● **Data excerpt**
========================================
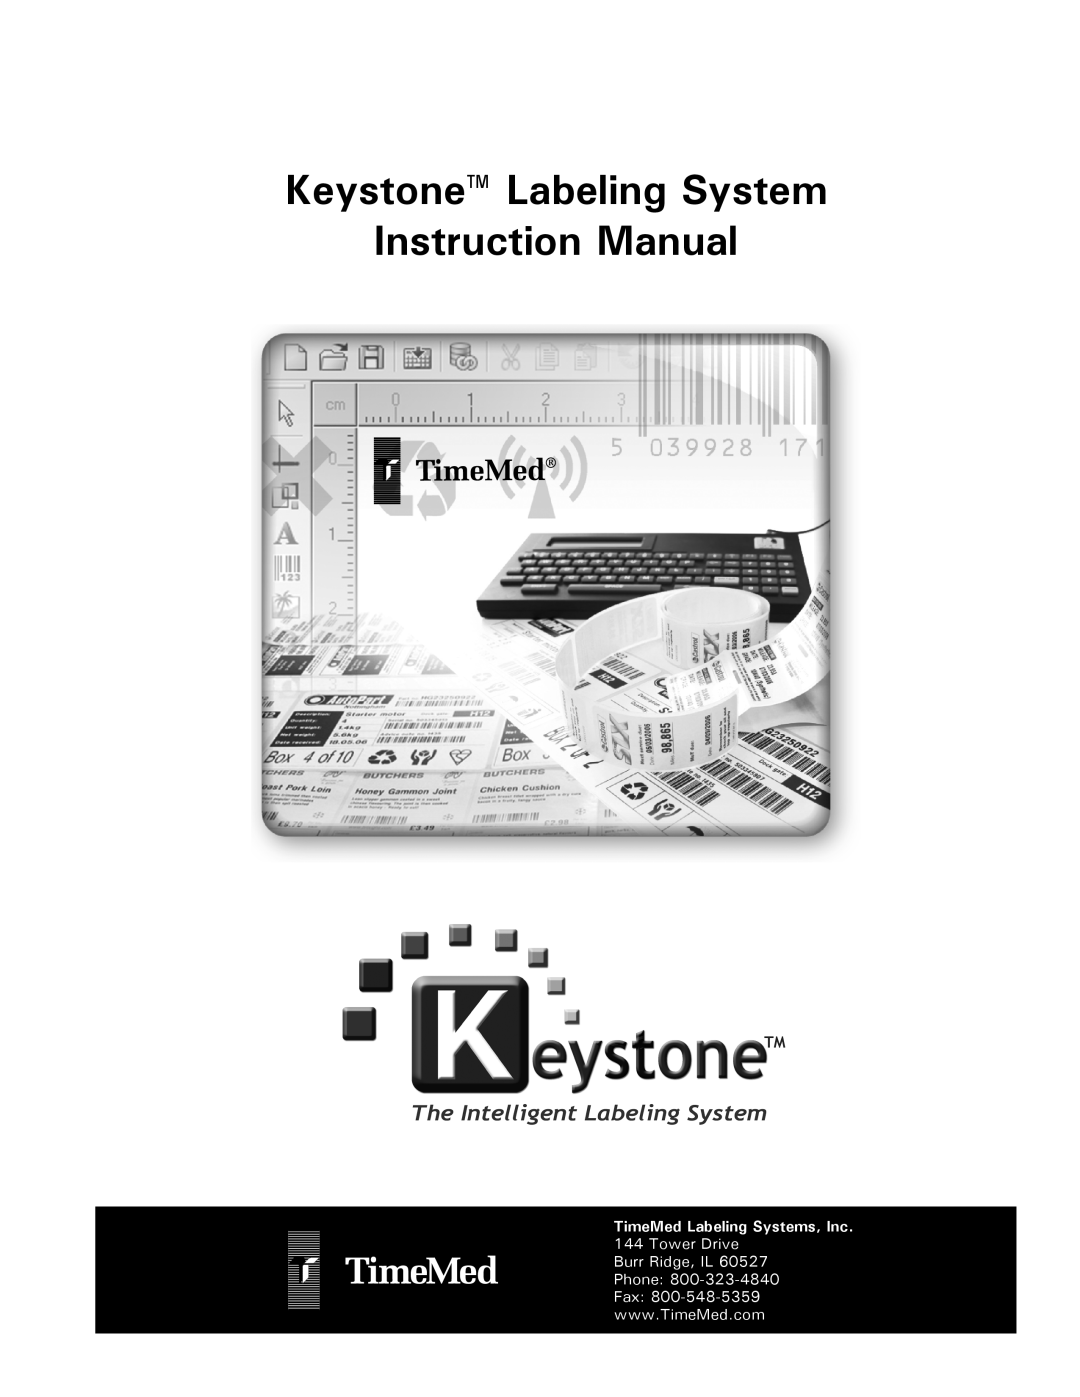 Keystone Computer Keyboard manual Keystone Labeling System Instruction Manual, TimeMed Labeling Systems, Inc 
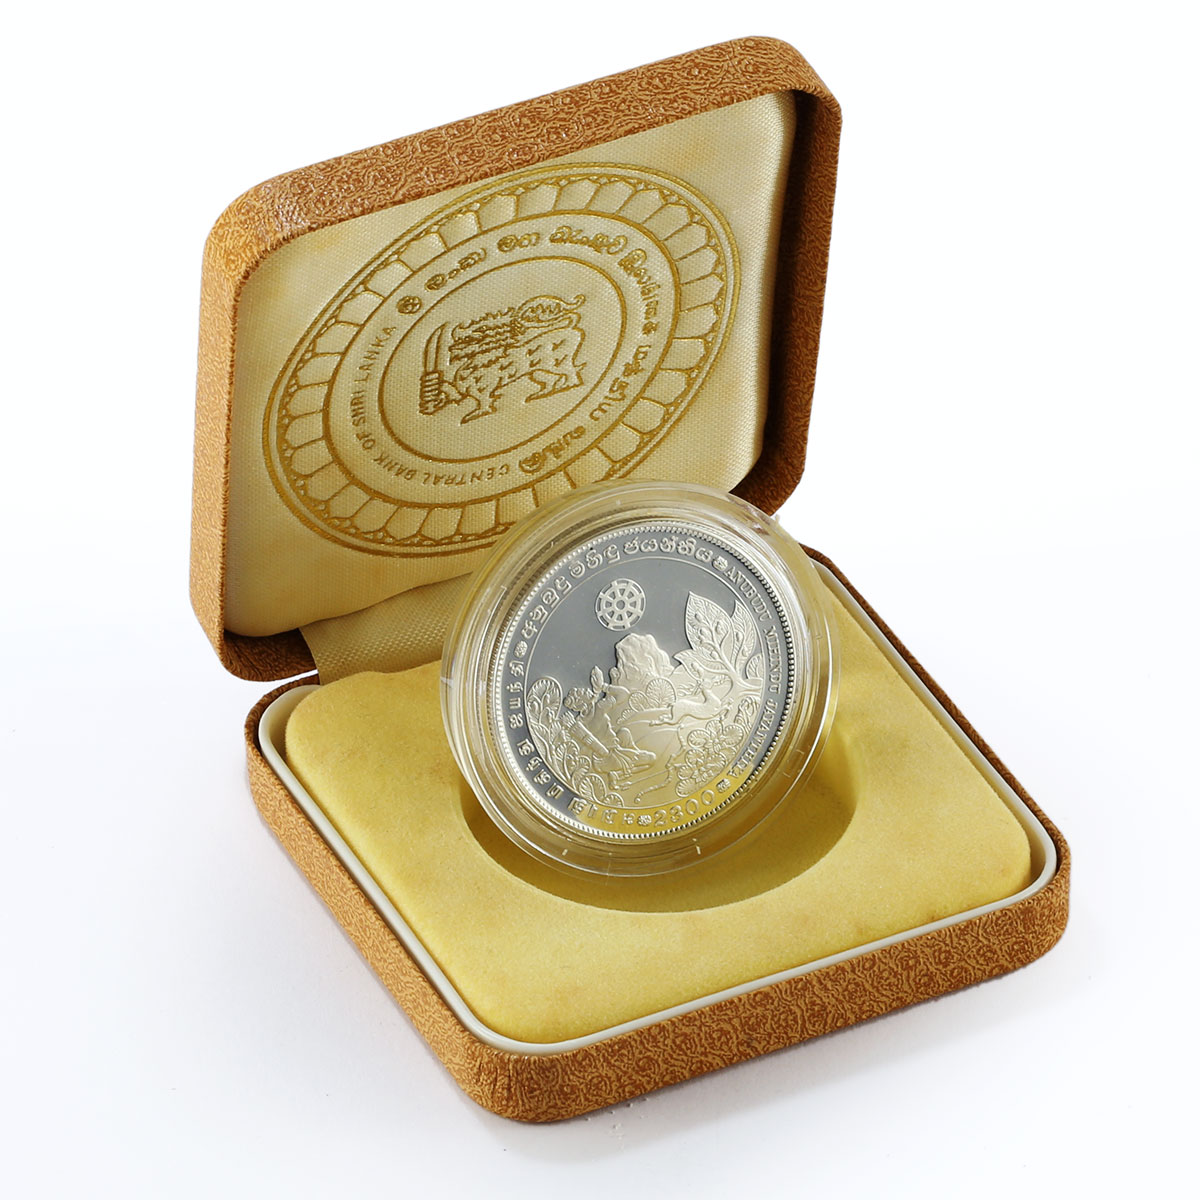 Sri Lanka 500 rupees Praying Figure Buddha's Teachings Silver Proof Coin 1993
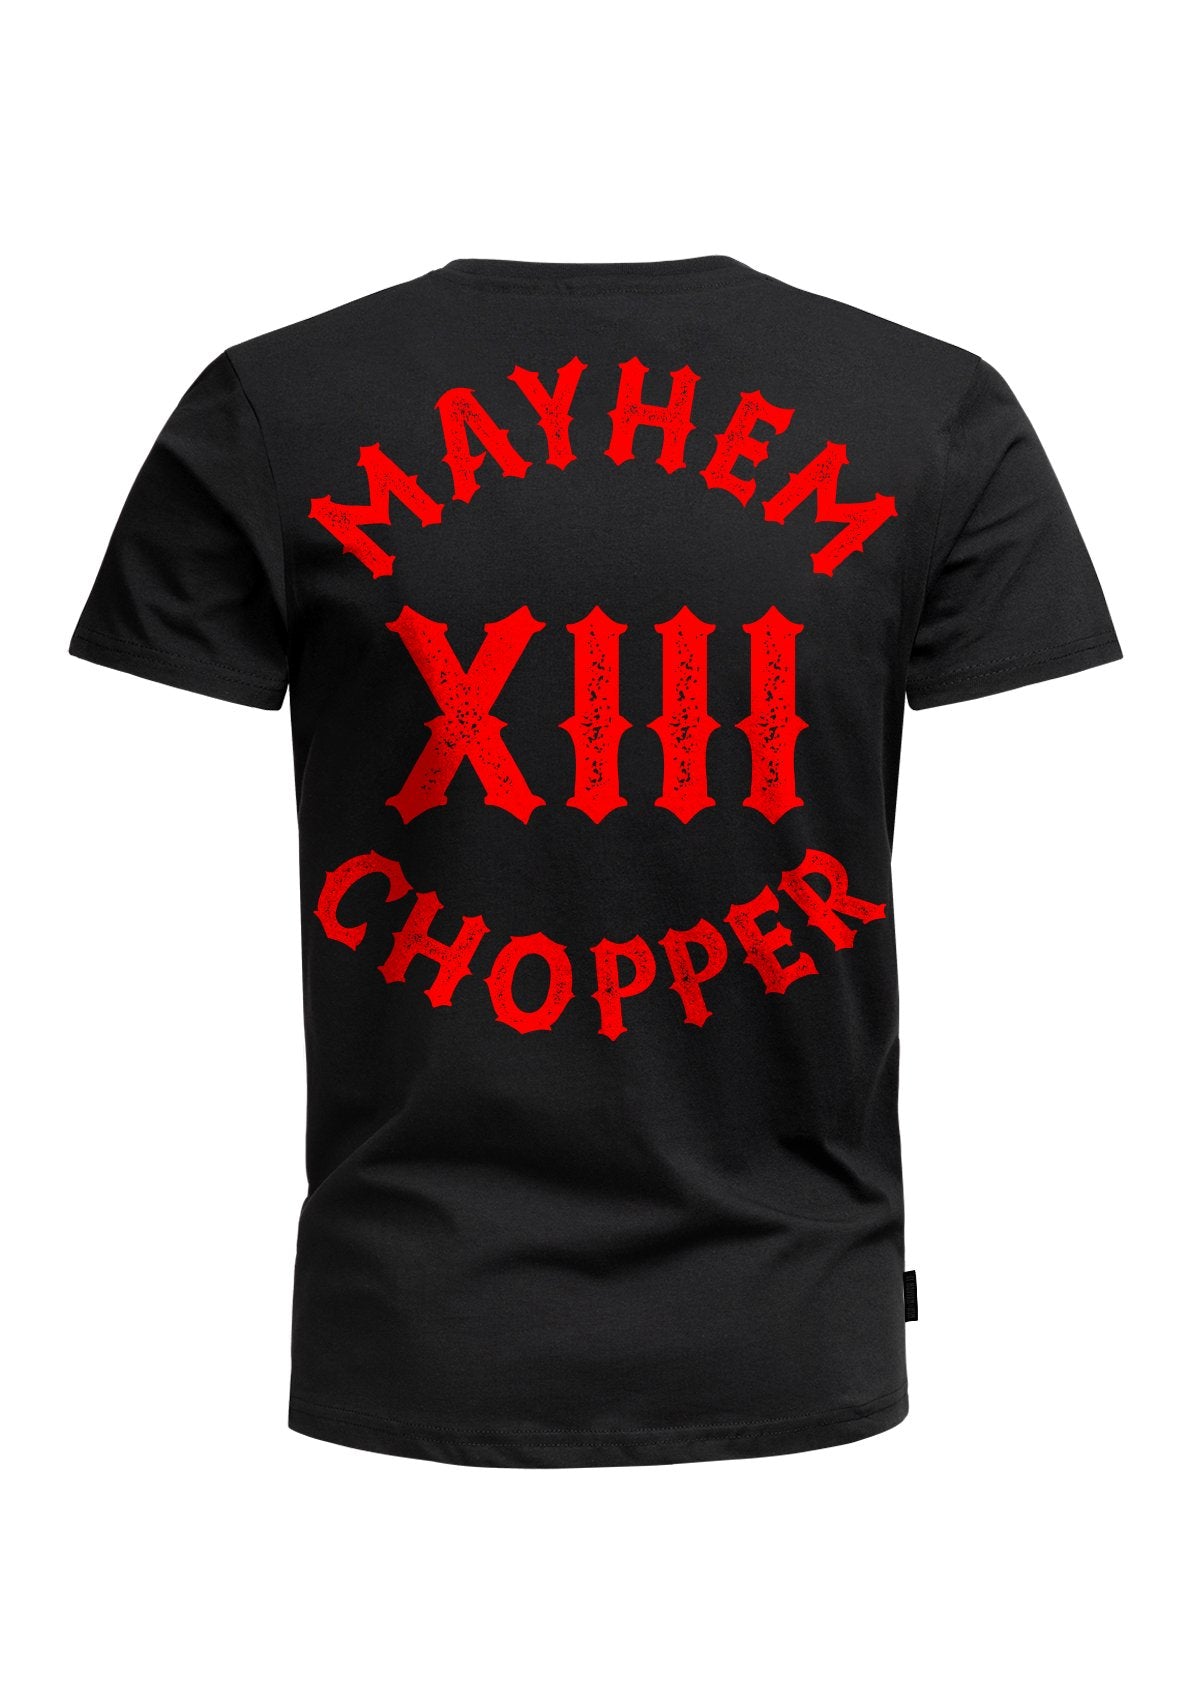 T-Shirt Mayhem Chopper XIII S/R - MEN OF MAYHEM - ALAIKO-EXCHANGES-MM-M-1010-MX-SR - black - Chopper
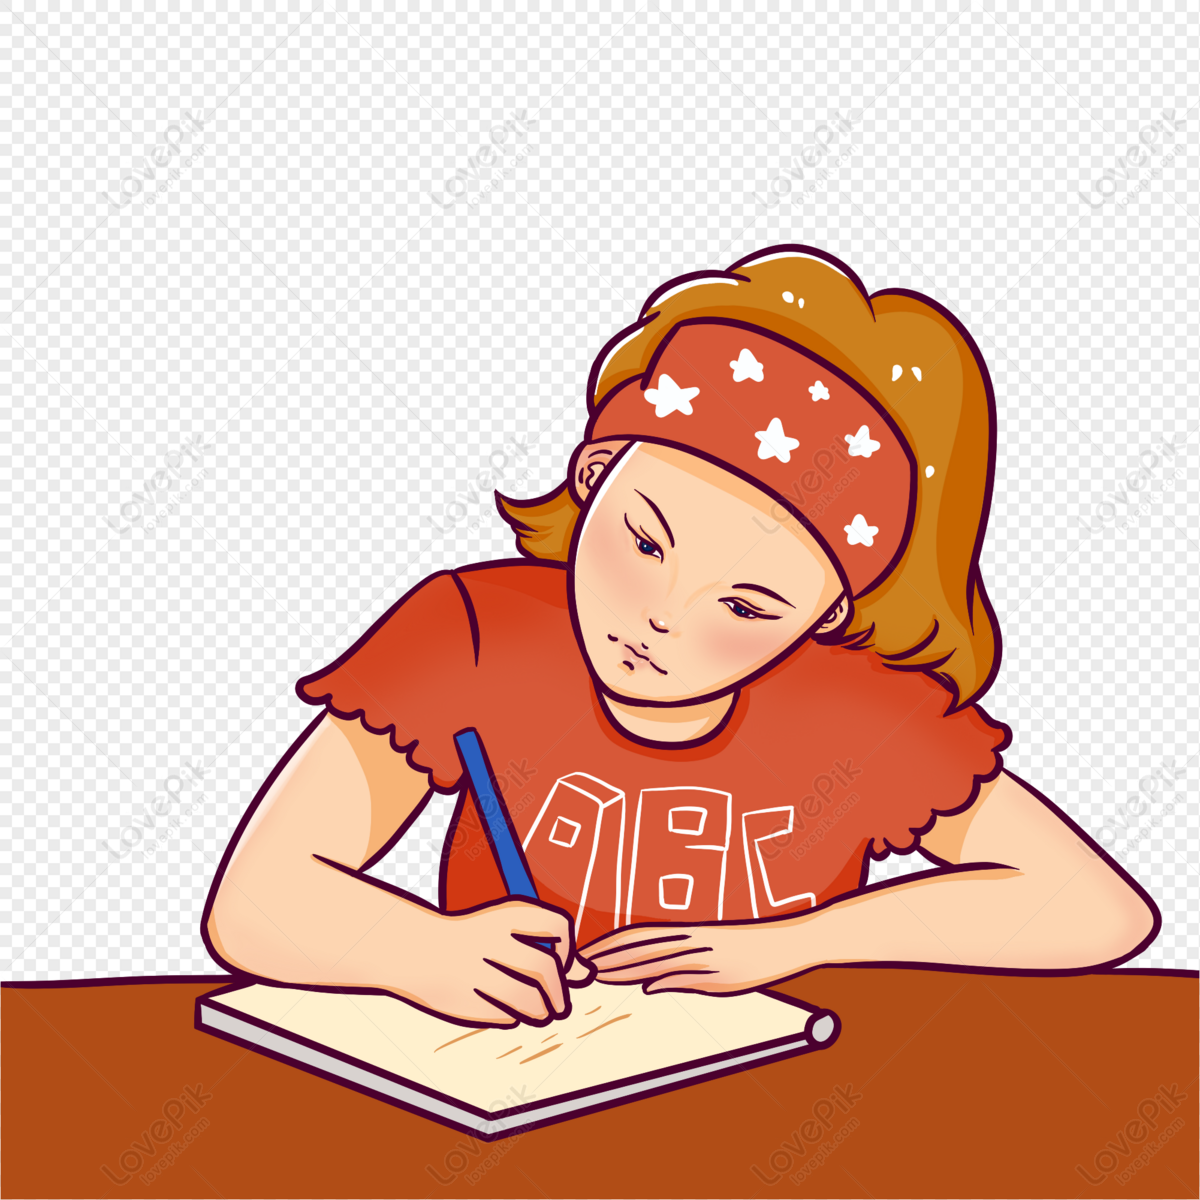 Girl writing homework, plan, work at home, writing girl png image
========================================
● **Exercise requirements**
Print the data again word for word, pictures excluded.

● **Written solution**
 Keystone Computer Keyboard manual Keystone Labeling System Instruction Manual, TimeMed Labeling Systems, Inc 
 Sri Lanka 500 rupees Praying Figure Buddha's Teachings Silver Proof Coin 1993
 T-Shirt Mayhem Chopper XIII S/R - MEN OF MAYHEM - ALAIKO-EXCHANGES-MM-M-1010-MX-SR - black - Chopper
 Girl writing homework, plan, work at home, writing girl png image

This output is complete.